# Need Help With Arm And Leg Extensions



## Eagle Frankenstein19 (May 22, 2008)

I am making a costume this year (of coarse), and am in need of some advice. I need to make my arms and legs look longer. Any ideas are welcome. I don't have to walk, though if I could that would be awesome, and don't need to grab things either. Any way for my arms and legs to be extended would be great.


----------



## Eagle Frankenstein19 (May 22, 2008)

I've researched a little into painter's stilts, but they're past my budget unless I can find a tutorial on how to make your own. Any ideas?


----------



## Off the Chain Shane (Feb 13, 2010)

*Giant Hands*

I found these on the internet and also saw a pair in person. They have PVC inside to grip and cover your forearm. They will make your arm extend two feet longer. Very nice product at around $40-60 dollars. They are made by Don Post. I have been doing a lot of reserch on this also. Hope this helps.


----------



## Off the Chain Shane (Feb 13, 2010)

*Link*

Forgot to add the link.

http://www.badplanet.com/asp/itemlist.asp?T=I&K=handsgiant


----------



## Eagle Frankenstein19 (May 22, 2008)

Thanks! This does help.
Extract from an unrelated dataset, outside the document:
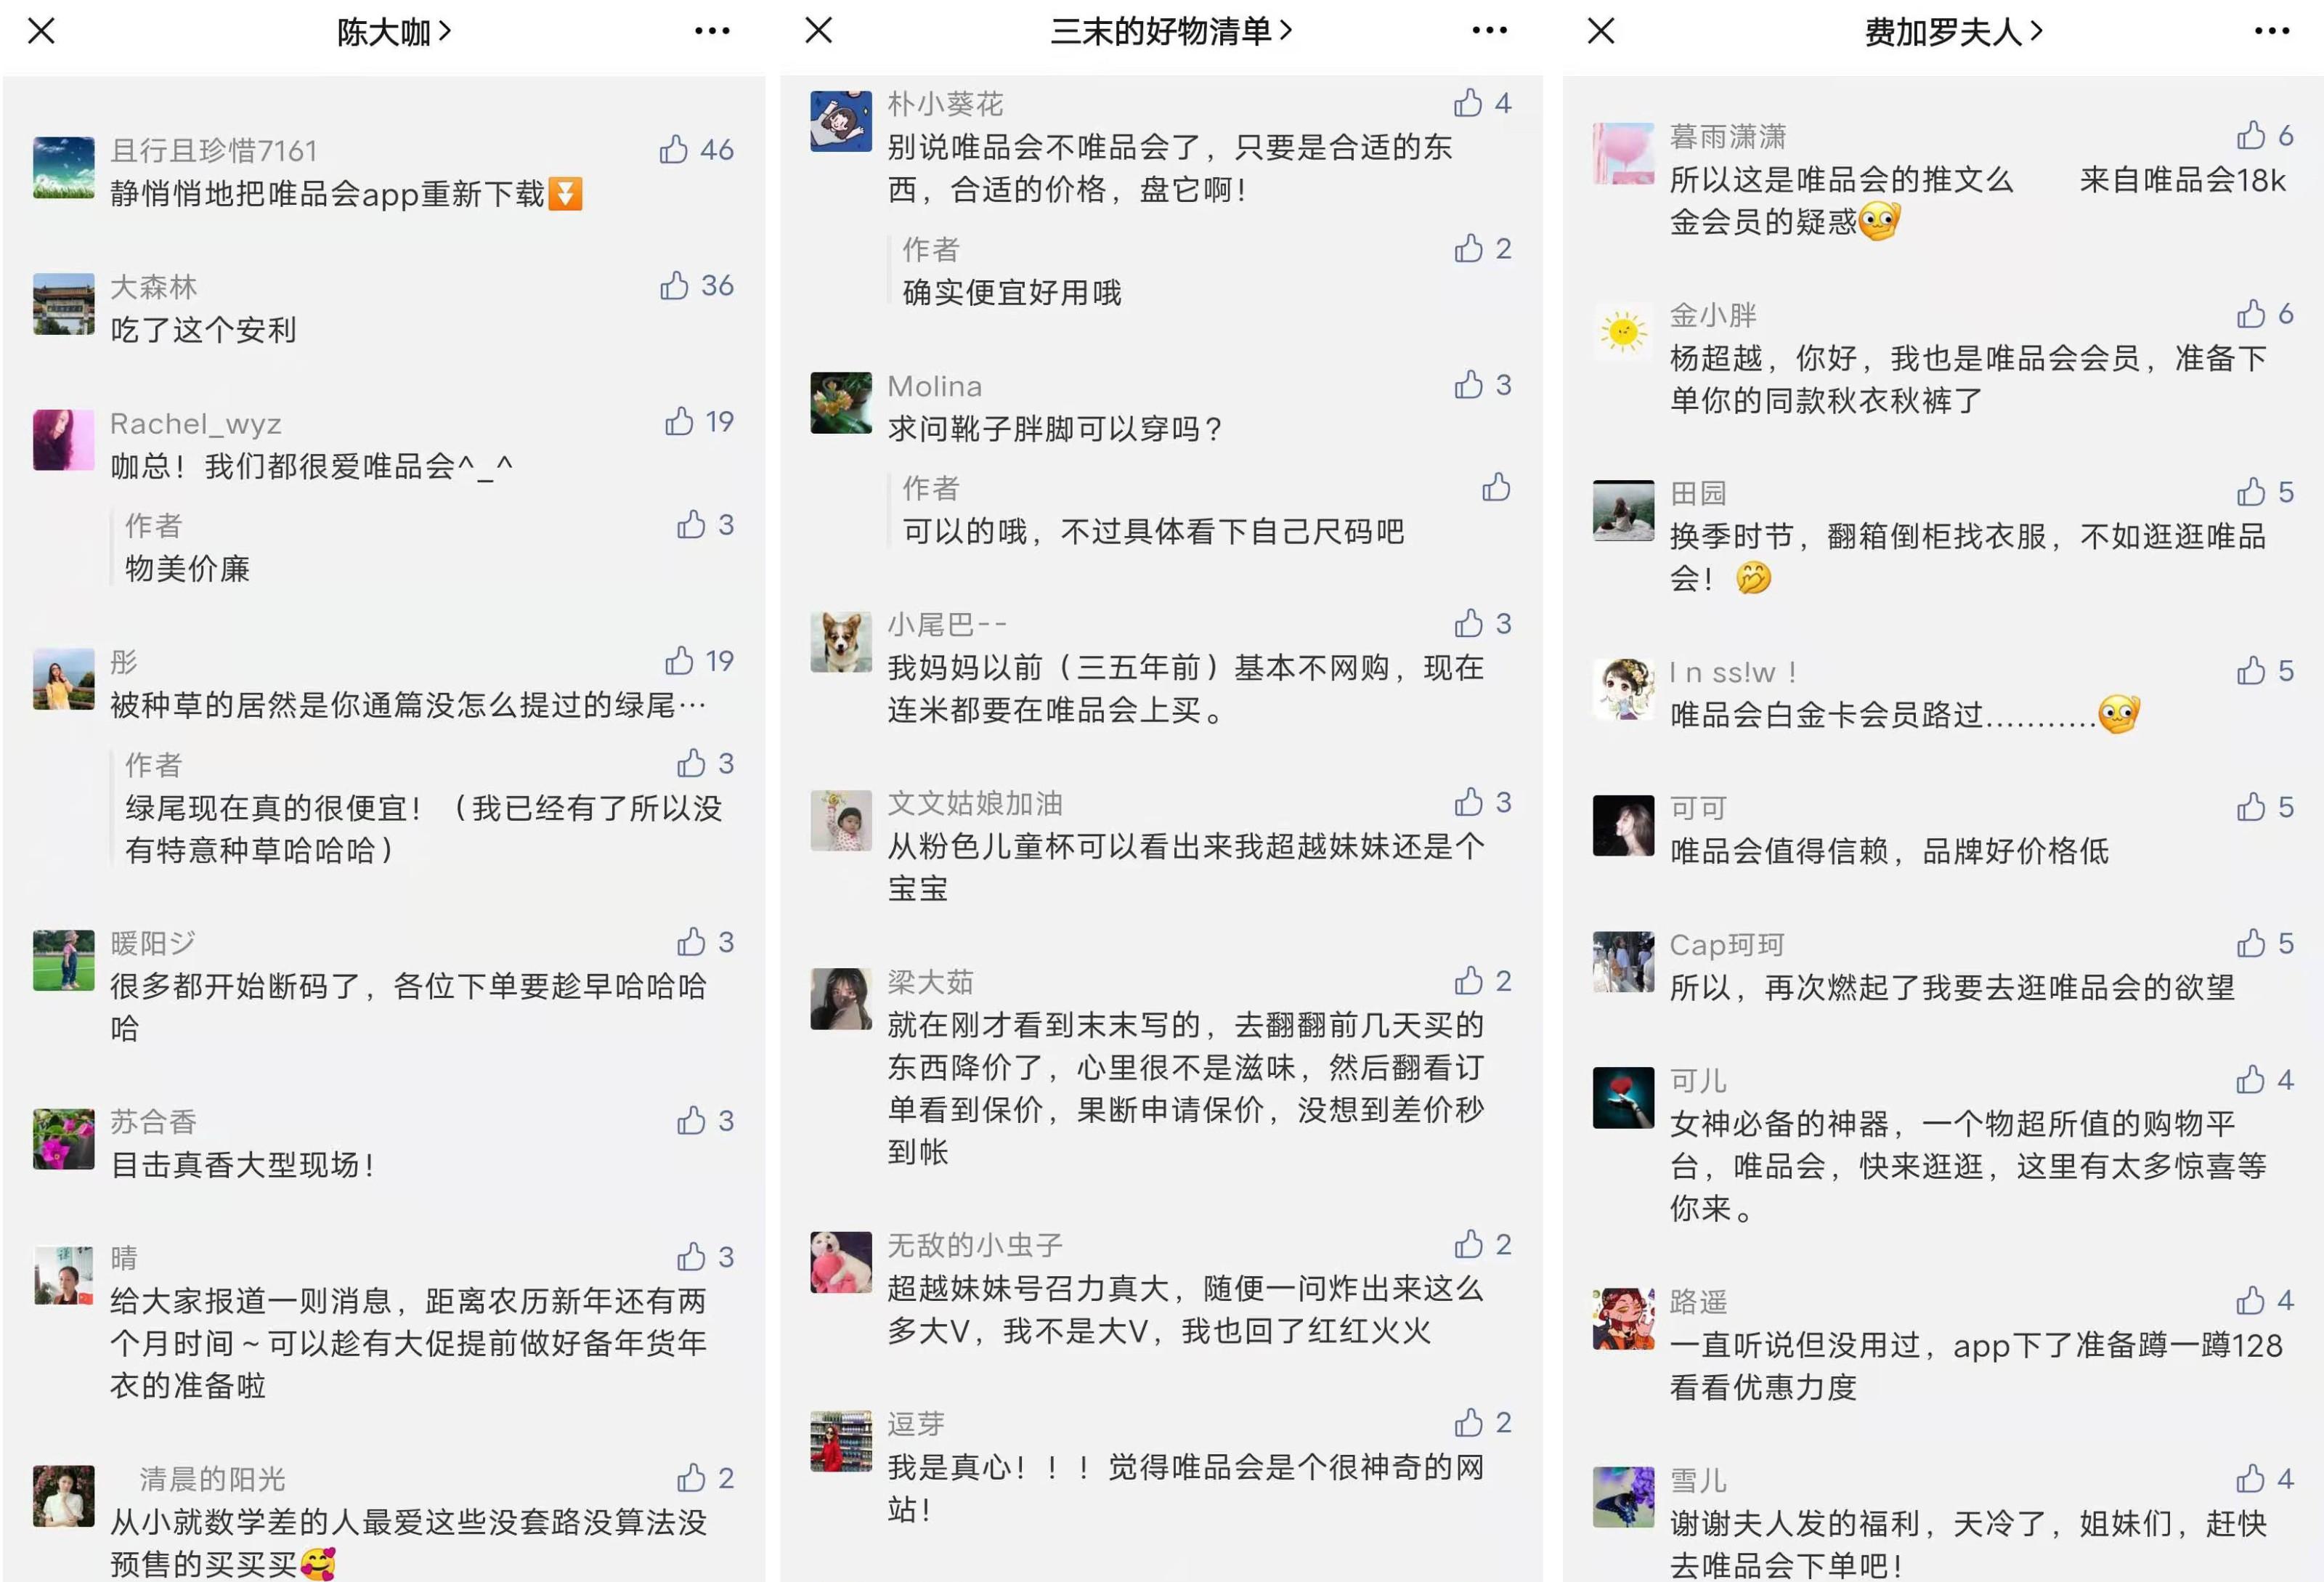 【8】微信评论.jpg

I might make my own off of this idea though, because it might be cheaper.


----------



## Eagle Frankenstein19 (May 22, 2008)

Here is a similar thread-
http://www.halloweenforum.com/halloween-costume-ideas/48946-leg-arm-extensions.html


----------



## Empty_W (Apr 28, 2009)

I've seen a lot of painters stilts available on craigslist and I've seen crutches used to extend the arms


----------



## piraticalstyle (Sep 1, 2009)

Depending on the final look of the costume you are going for, I recommend 5 gallon Home Depot buckets with ski boots bolted to the bottoms. They are really sturdy. Great way to add a bit of height without much cost.


----------